Using three different methods to estimate the genetic diversity, the Tocher method (Figure 3) was able to separate the 12 ecotypes evaluated into a greater number of groups compared with UPGMA (Figure 4) or PCA (Figure 5) methods. Differences in the distribution of groups are a determining factor in the choice of parents and the difference in heterotic potential (Sant’Anna et al., 2021). Understanding genetic diversity available within naturally occurring ecotypes is important for a number of purposes, particularly genetic conservation and potential species improvement for desirable traits (Namazzi et al., 2020). Furthermore, by gaining more knowledge about the biological and ecological factors that can affect the distribution of genetic diversity among, and within, populations of a given species over time and space are fundamental for the successful implementation of management and conservation strategies (Liddell et al., 2020). This information is especially important for grasses from the Pampa biome, such as A. lateralis Nees, which is present in the upper stratum of the natural grasslands in southern Brazil (Barros et al., 2022). Methods that increase our knowledge of the extent of existing diversity within a species, combined with the understanding of biological and ecological factors that govern ecotype distribution, form the fundamental basis for the formulation of solid strategies for germplasm conservation. This information may also help identify in situ conservation sites and contribute to the formulation of sampling strategies for conservation collections ex situ, which require in-depth knowledge of the diversity and genetic structure of the species present (Falk and Holsinger, 1991; Hogbin and Peakall, 1999).

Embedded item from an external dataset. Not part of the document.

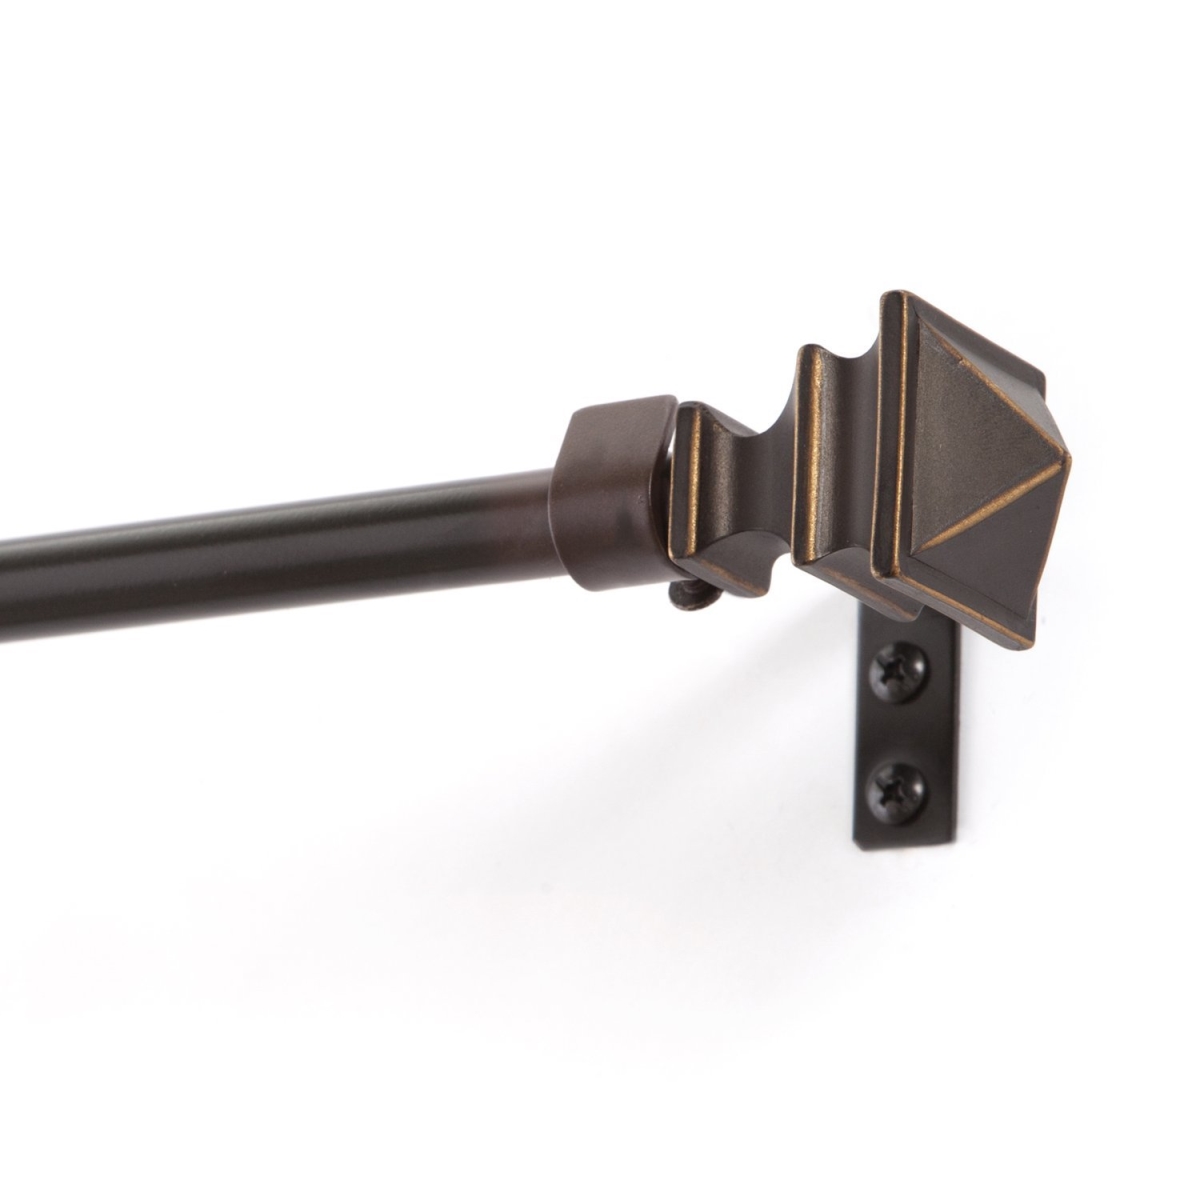 32-lwf1021-3orb 88-144 In. Painted Oil Rubbed Bronze Finish Single Rod Window Hardware With Mosaic Glass Finial
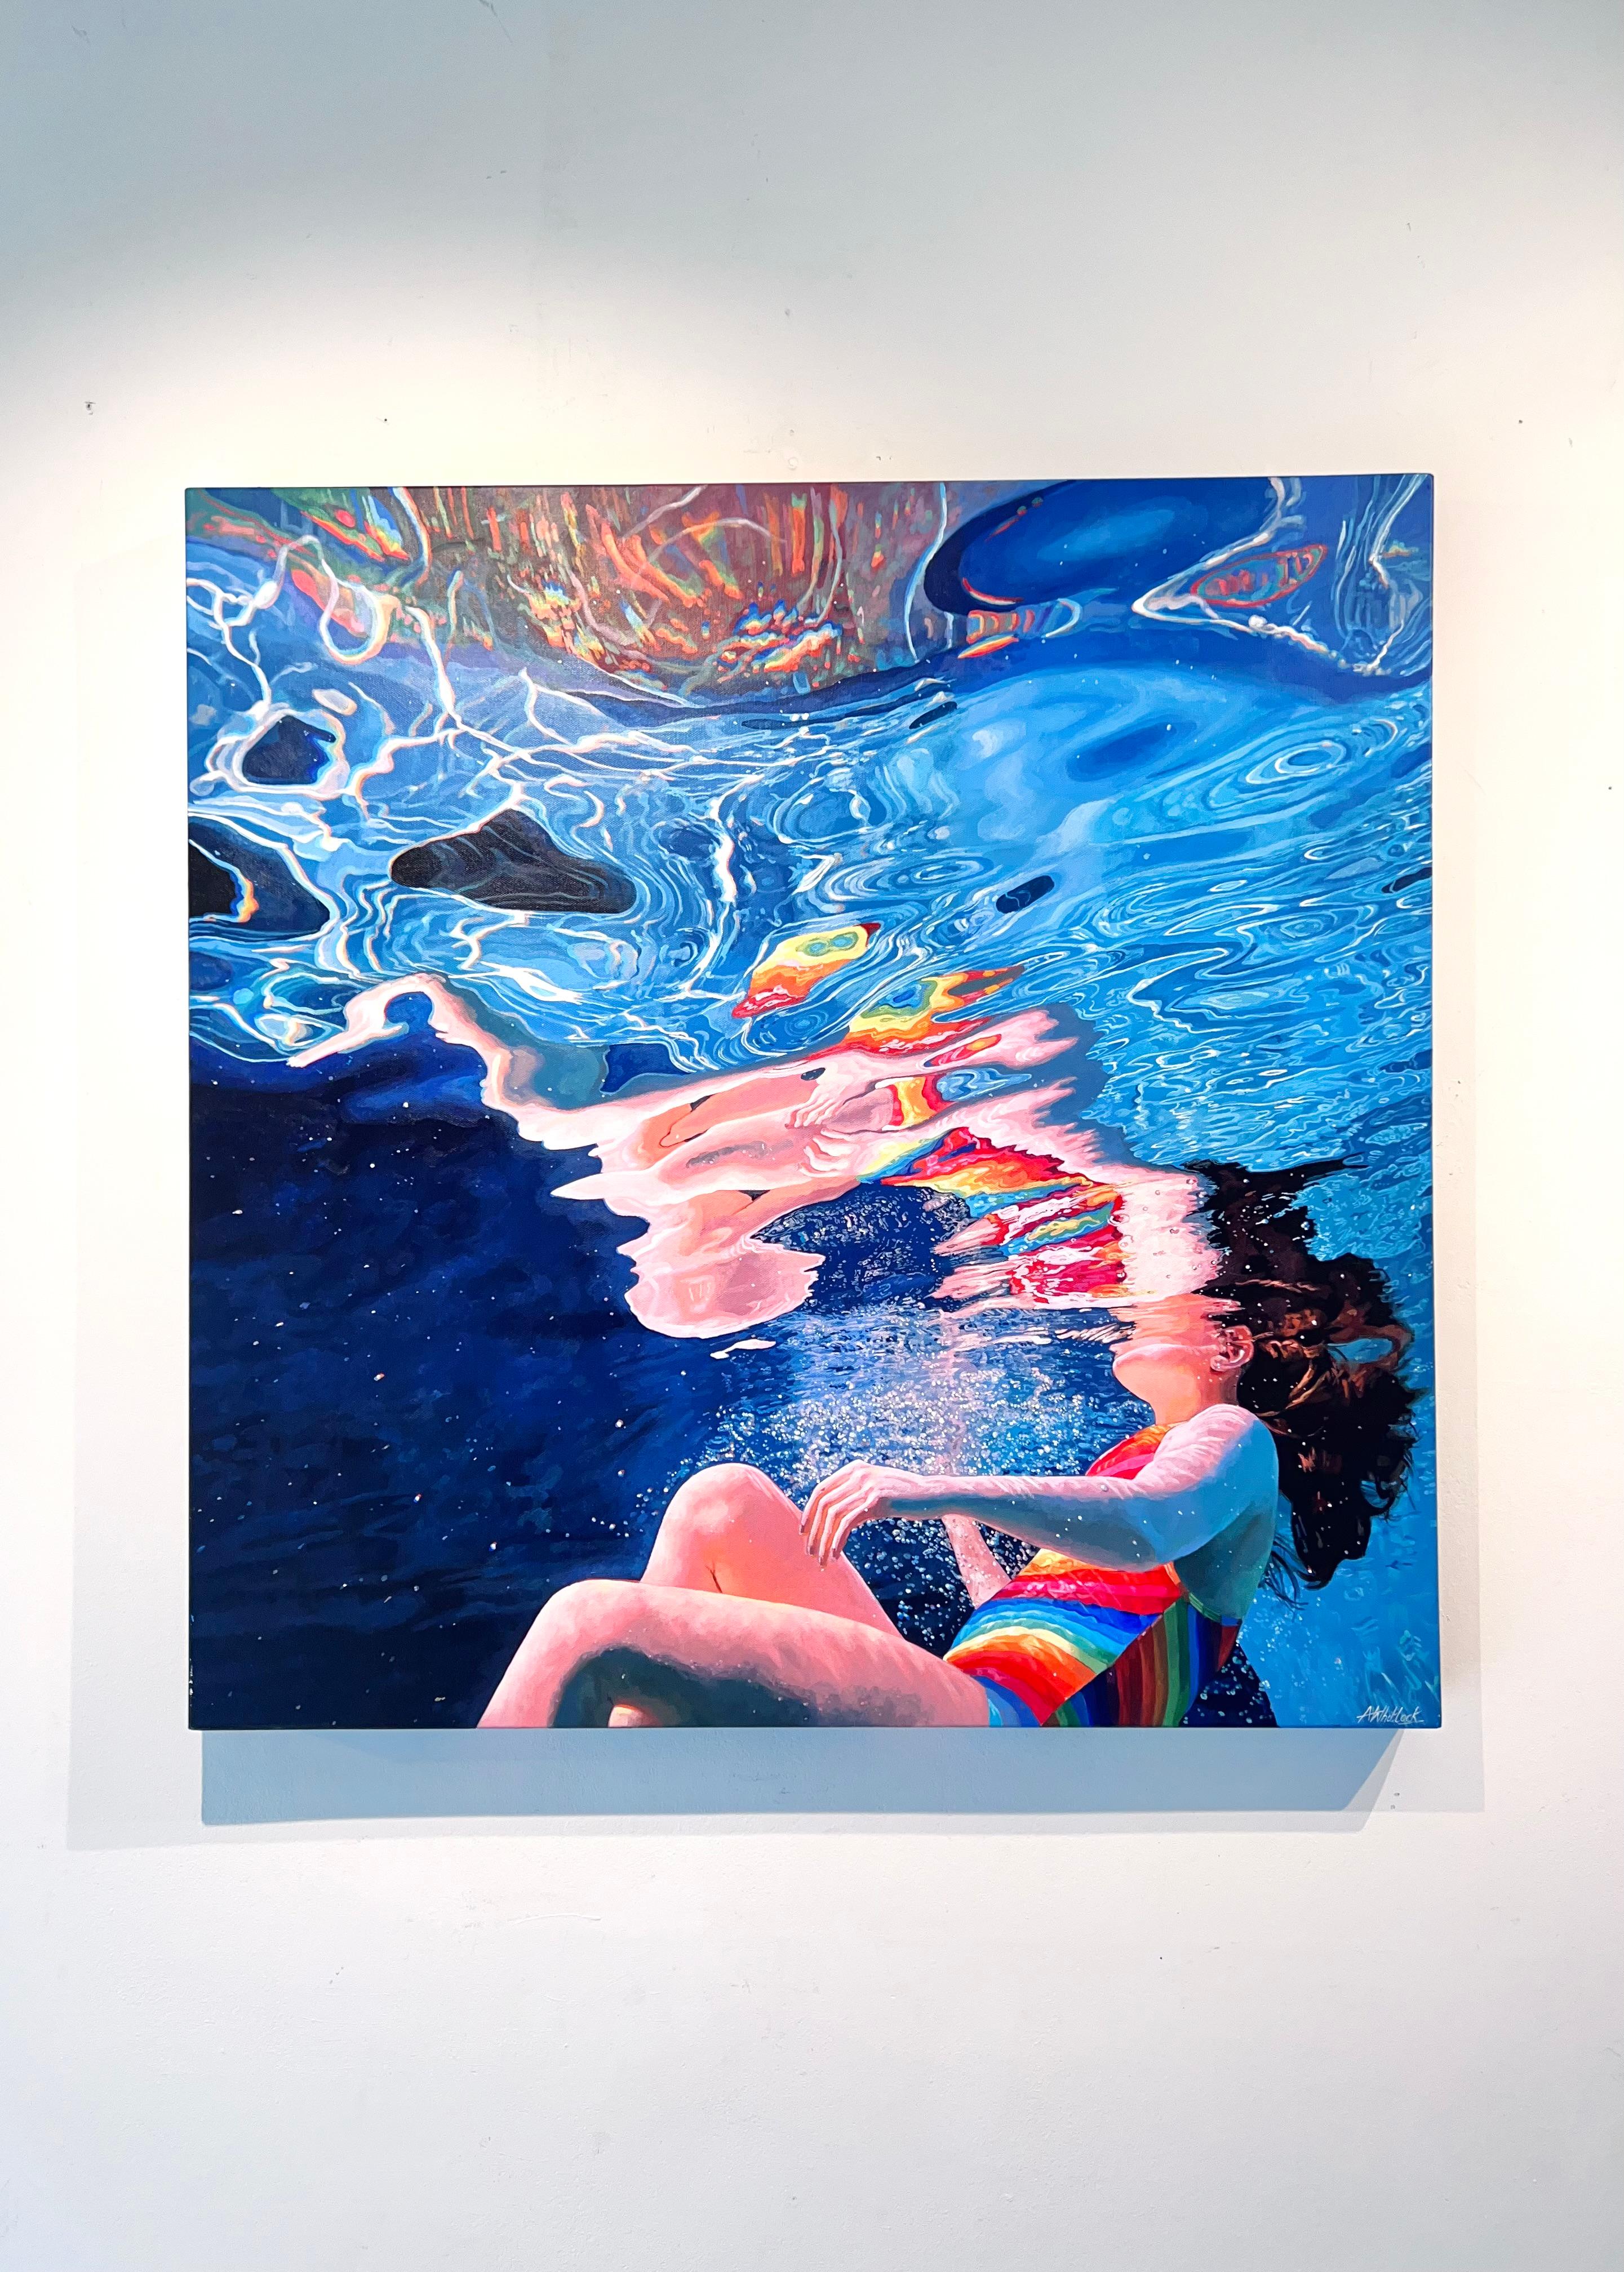 Origin-original hyperrealistic figurative waterscape painting-contemporary art  - Painting by Abi Whitlock

Overall, Tocher’s method gathers a large number of ecotypes in the first groups, mainly because it uses a single distance criterion, and the average within the groups is always lower than the average among the groups (Vasconcelos et al., 2007). The use of this technique in genetic diversity studies is important because it identifies genetically different genotypes and not just groups (Pereira et al., 2019). Correct quantification of genetic diversity by the UPGMA and Tocher’s method requires the most appropriate genetic dissimilarity matrix to be selected (Sant’Anna et al., 2021). Generally, in replicated experiments, the D2 is most commonly used. Quantification of the distance between genotypes allows an overview of the phenotypic similarities, which allows the interpretation of possible dissimilarities existing within all evaluated characteristics (Łopatyńska et al., 2021). Of the hierarchical methods, the cophenetic correlation coefficient (Figure 4) identified which dissimilarity matrix was most appropriate. It also lowered the distortion and stress, which minimized the deformation of the dendrogram. The PCA method has previously been used to characterize accessions within germplasm banks for species including Urochloa (Namazzi et al., 2020), Emmenopterys henryi Oliv (Niu et al., 2021), Passiflora spp. (Jesus et al., 2022), Pinus bungeana (Tian et al., 2022), Glycyrrhiza uralensis (Dang et al., 2022), and Zea mays L. (Badu-Apraku et al., 2021). This technique allows the most important traits for diversity studies and promising genotypes for crosses to be identified (Oliveira Neto et al., 2021).
Clustering methods predict the possible heterosis to be obtained. As heterosis is the result of genetic divergence between parents and the occurrence of dominance effects, it is expected that the greater genetic distance between the parents will result in greater hybrid vigor in the F1 generation (Colombari Filho et al., 2010). This analysis has grouped ecotypes that exhibited similar forage characteristics. The results offer the opportunity to select within a group for maintenance and/or across groups to select genotypes that have higher productivity. In genetic diversity studies, the use of two or more methods should be encouraged and prioritized to test the consistency of the clusters identified. Different methodologies provide different types of information, and therefore the choice of method in the study of genetic diversity depends on the objective of the experiment. In general, the results of the clustering methods studied here were efficient in the characterization of genetic diversity among the ecotypes evaluated. The UPGMA method, Tocher’s optimization method, and principal component analysis were complementary in the formation of groups.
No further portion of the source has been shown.